L’euphorie du mois de janvier s’est donc transformée en désespoir pour l’artiste. « J’ai eu un deuil à faire. C’était très difficile, avoue-t-elle. Mais aujourd’hui, je suis plus en paix avec tout ça. J’ai acquis, je crois, une certaine résilience face à la situation et j’espère un retour à la normale, si normale il se peut, le plus rapidement possible. »

Geneviève Roberge-Bouchard a dû faire une croix sur sa plus grosse année professionnelle à la suite des contrecoups des moyens de pression des enseignants de l’Ontario et des mesures de confinement pour contrer la COVID-19.

Avenir difficile

Tout comme Geneviève, l’année 2020 s’annonçait bien pour Joanie Charron, du duo country Sugar Crush. Un agenda bien garni pour le duo les amenait pour la première fois dans une tournée en Ontario français.

« À la suite de notre passage à Contact Ontarois, nous avons monté une tournée qui nous amenait dans une dizaine de villes ontariennes, confie la chanteuse. Du coup, on avait également conclu des ententes avec plusieurs écoles, ce qui nous permettait de doubler voir tripler le nombre de représentations et rentabiliser de belle façon notre tournée. »
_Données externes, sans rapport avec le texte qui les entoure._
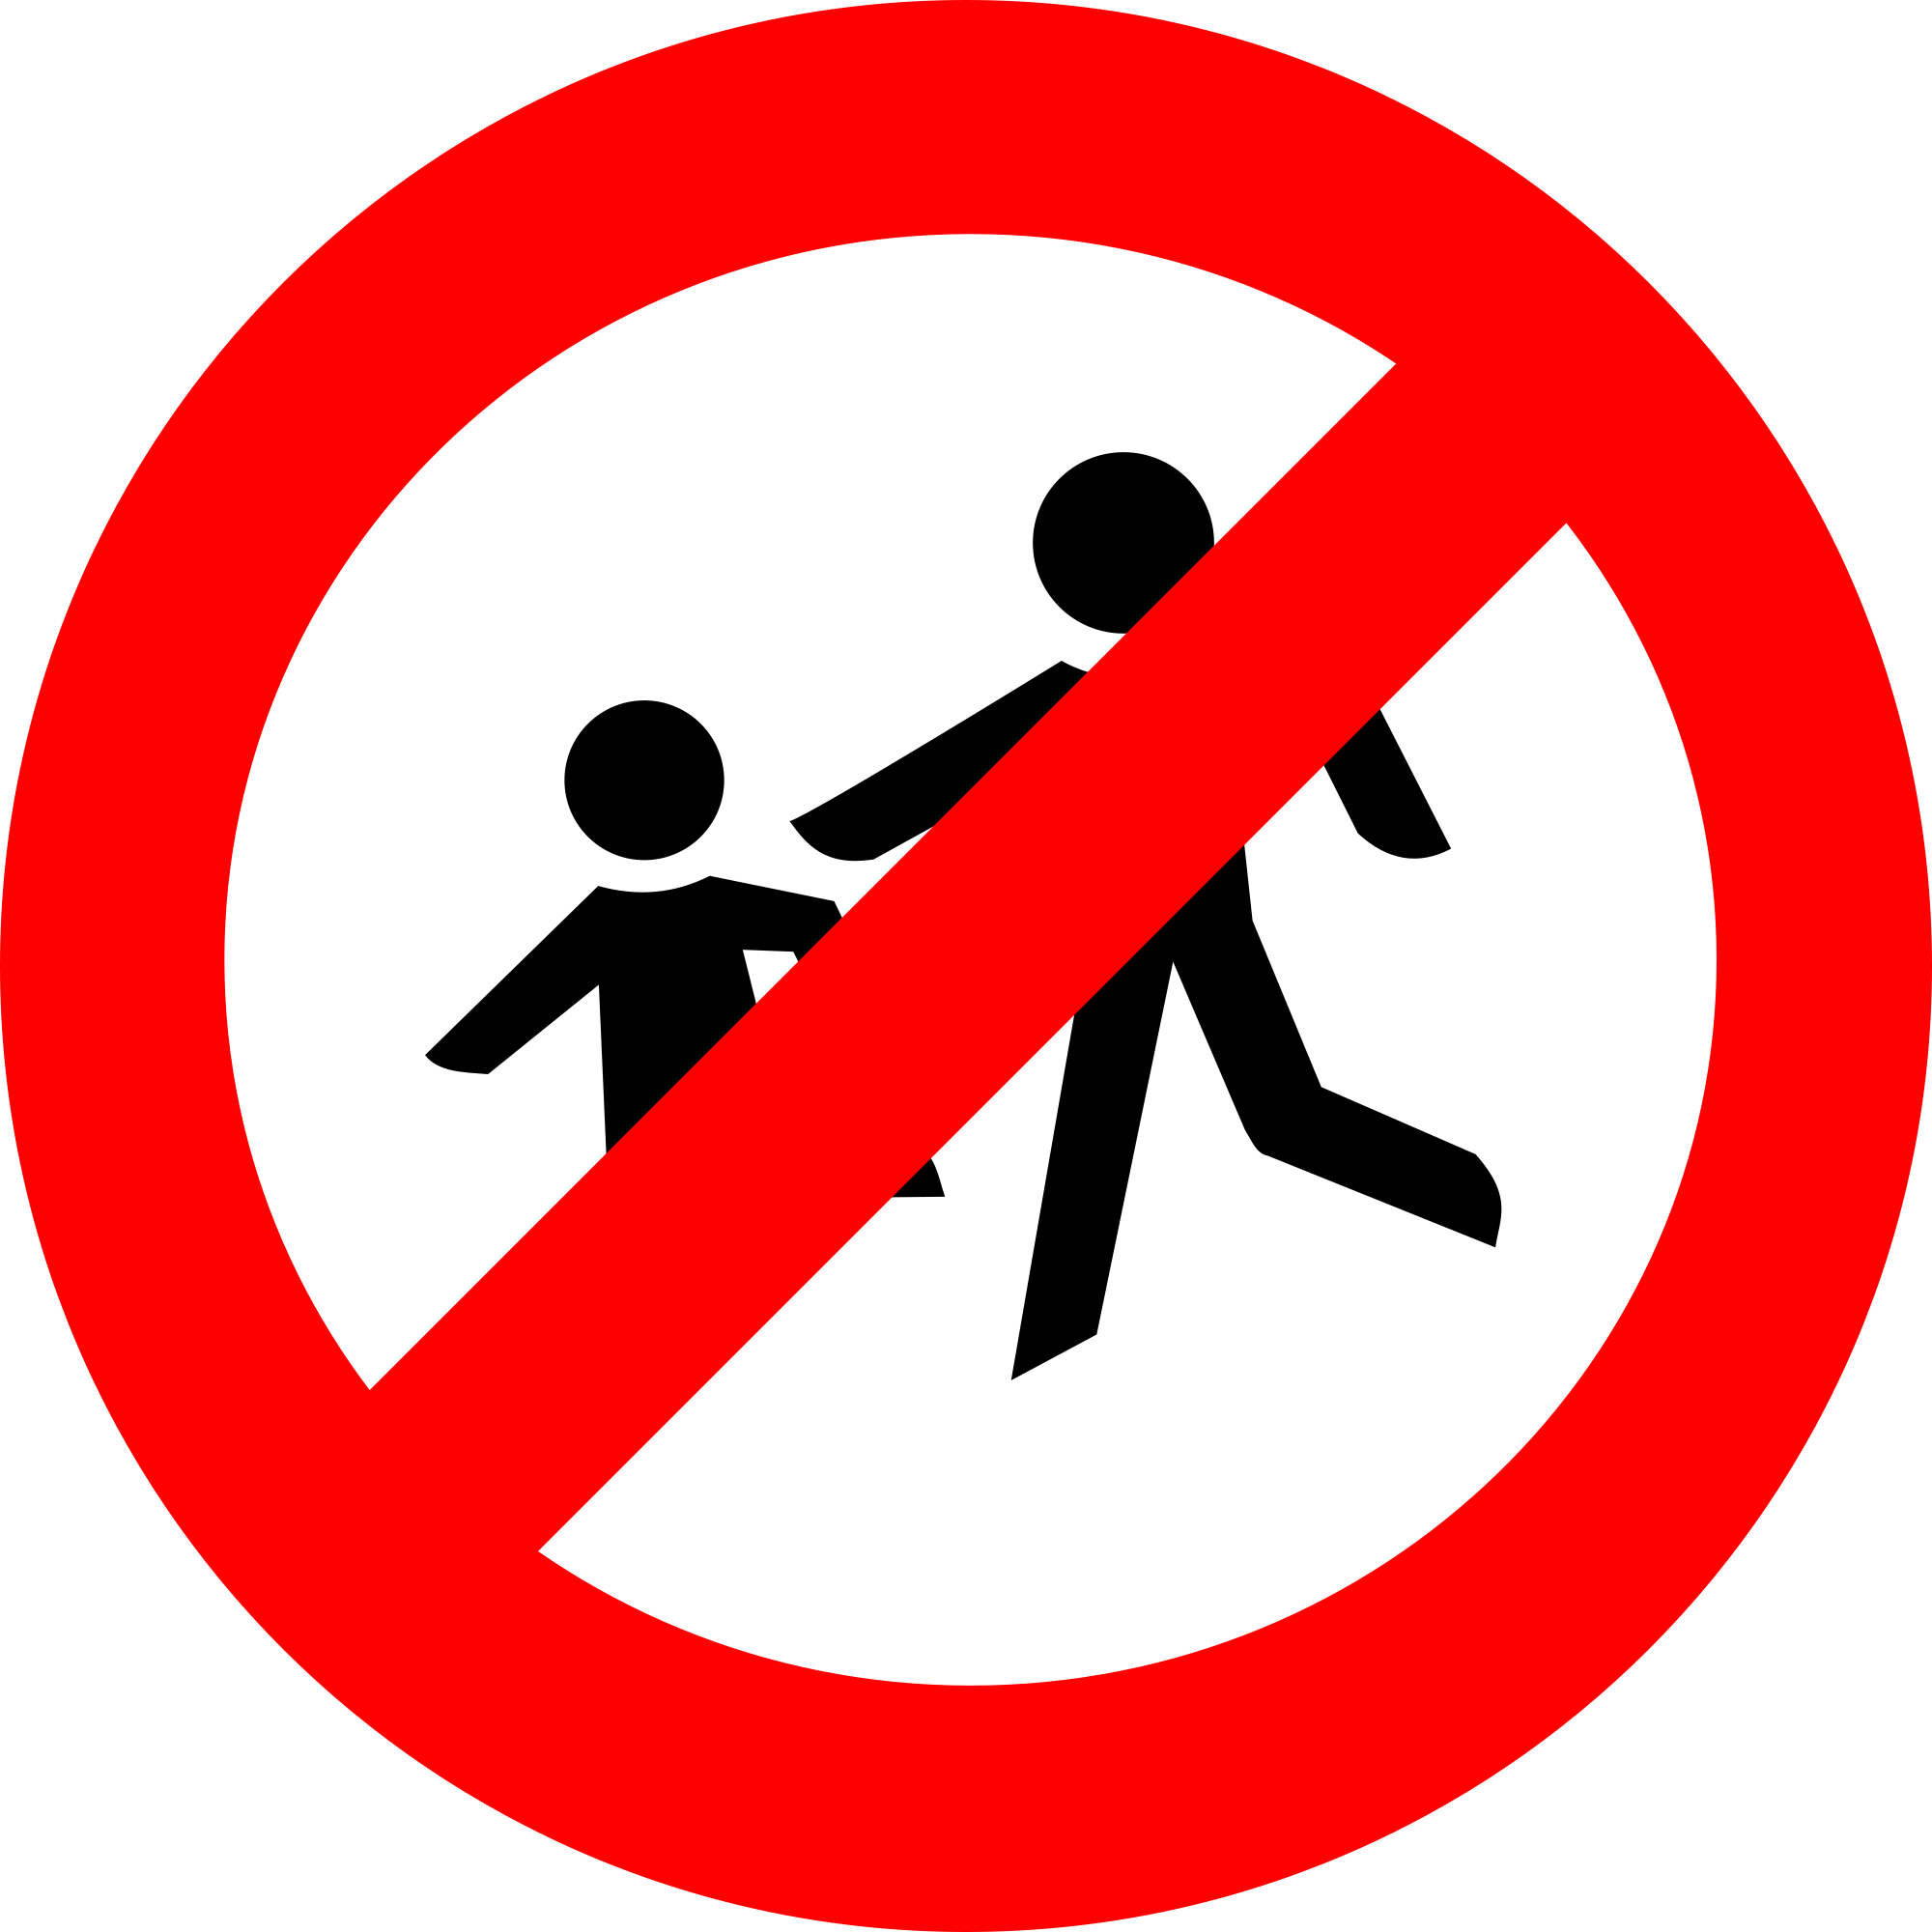 As Feds Tell Colleges To Support Parenting Students - No Pedestrians Road Sign (2000x2000)

La grève des enseignants ontariens est venue mettre un frein à ce bel élan et par la suite, la crise de la COVID-19 est survenue.

« Pour nous, la fin de notre tournée et l’annulation des spectacles en festival représentent une trentaine de prestations, d’ajouter Joanie. Cette vraiment une catastrophe. Mais au moins, on profite de ce moment de confinement pour écrire de nouvelles chansons, pour même se réinventer. Il y a quand même du beau dans cette pandémie. »

Mais cette note positive n’efface pas les craintes de l’artiste pour la suite des choses.

« L’après-crise sera difficile pour nous, comme pour l’ensemble des artistes émergents et de la relève, explique-t-elle. Il est clair dans mon esprit qu’il y en aura que pour les vedettes lorsque nous sortirons de la crise. Les Marie-Mai et Marc Dupré de ce monde sont aussi confinés et les gens voudront les voir bien avant nous. Aurons-nous une place dans cette reprise ? Ça reste à voir. »

Quoi qu’il en soit, Jonaie Charron et Geneviève Roberge-Bouchard savent très bien que l’industrie culturelle sera marquée au fer rouge par cette double crise qui a frappé les artistes franco-ontariens en 2020.